Unfortunately, I've handled a lot of resentments like I handled alcohol - by hoping the symptoms would go away without any work or willingness to change on my part. I want to keep on resenting AND not suffer the consequences.

Getting honest with myself, I find that I sometimes LIKE to dislike that person, that it makes me feel powerful, that I feel justified in it, that it helps me prove to myself that I'm better than them, that I feel some odd satisfaction in thinking of myself as a victim and that when it gets down to it......I want to continue to resent. That's what I find when I do an honest inventory so that's what I admit to myself, God, and another.

Glamorous? Nope.....sure isn't. Does it look like someone who's living a spiritual life? Sure doesn't. Is it a manner of living that yields good results? Hell no. Am I able to just drop it and move on? Well, maybe I haven't really ever been willing to drop it. Maybe I just say I want to drop it but my actions indicate I don't really want to. Maybe I lack the power to let go by myself and I need God's help to finally get free....... All of this looks confusing and I can give what I think are honest answers one day that change the next day and change again on the following one.
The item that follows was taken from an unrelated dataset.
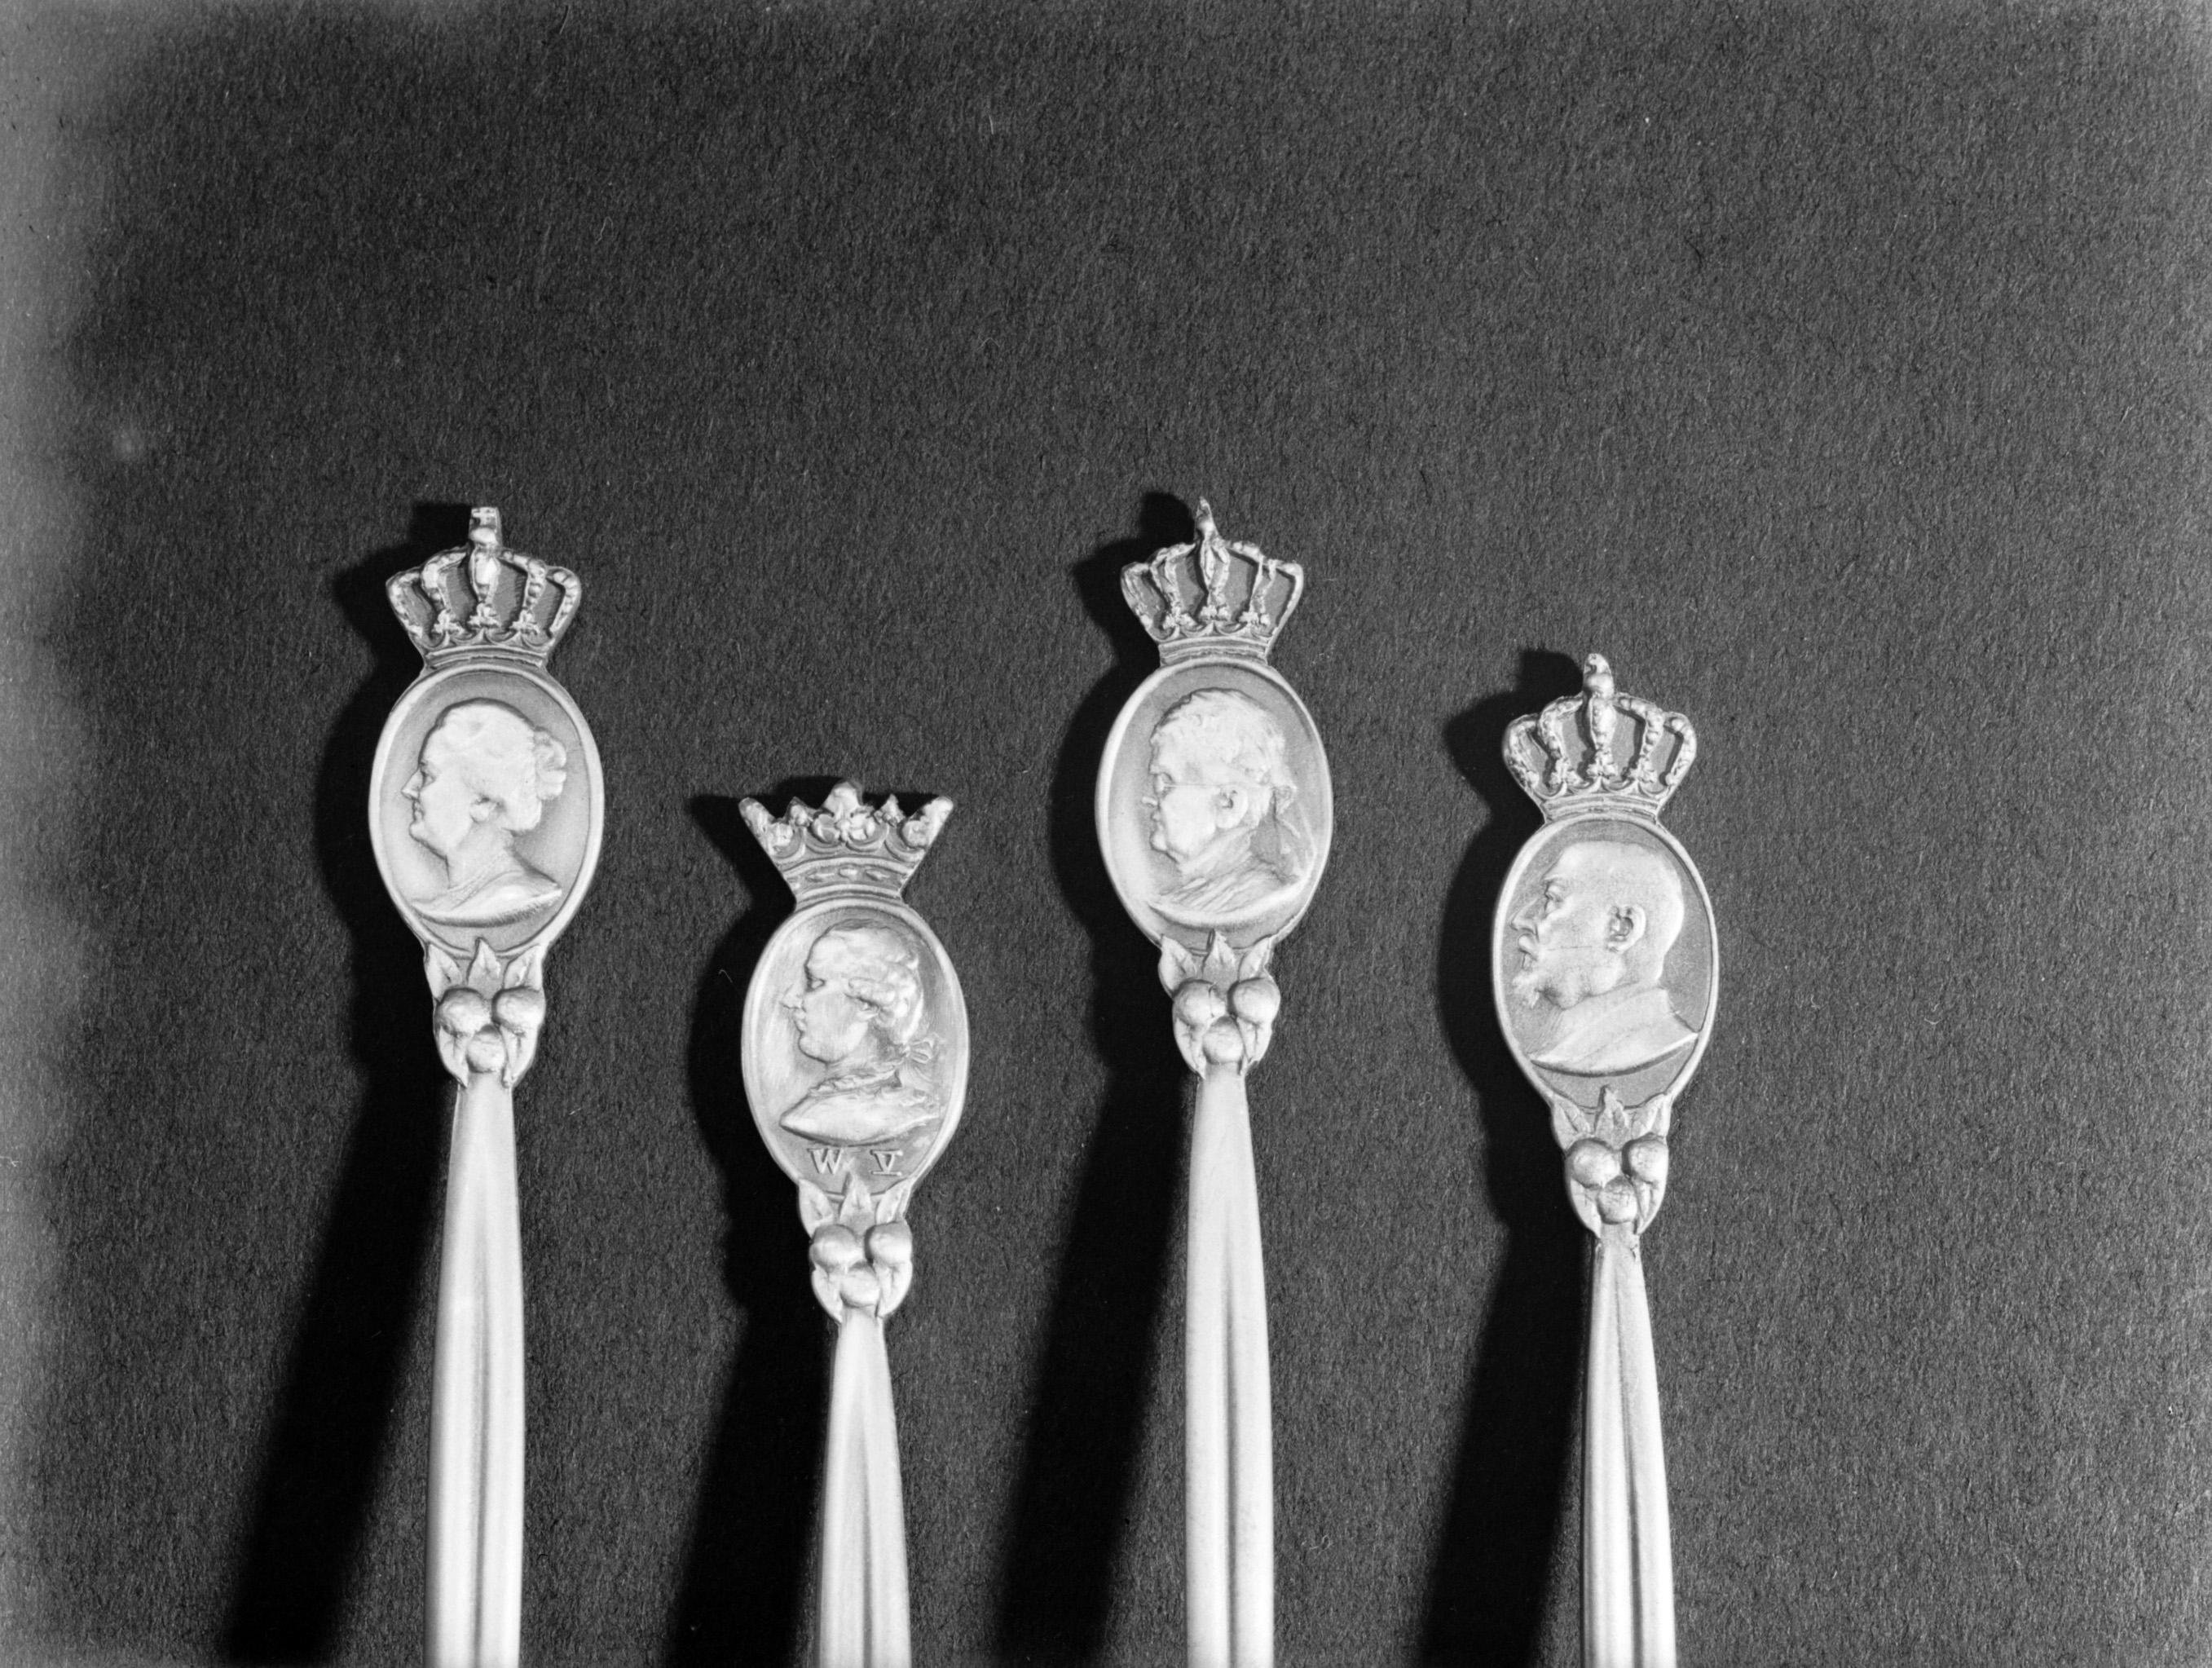 Lichaam Prominent semester File:Lepeltjes met koningin Wilhelmina, Willem V, koningin Emma en een  onbekende van , Bestanddeelnr 190-0554.jpg - Wikimedia Commons

Sure looks like I'll be needing God's direction, clarity and help..... so maybe I should focus on my relationship with Him and listen for that direction the He seems to be so good about sending to me.

That is the practice, for me, of steps 4-7. So far, and like I said at the beginning, the only ones still hanging around seem to be the ones I don't reeeeally want to let go of. And really, how could it be anything BUT that? I mean, is God suddenly unable to remove certain resentment?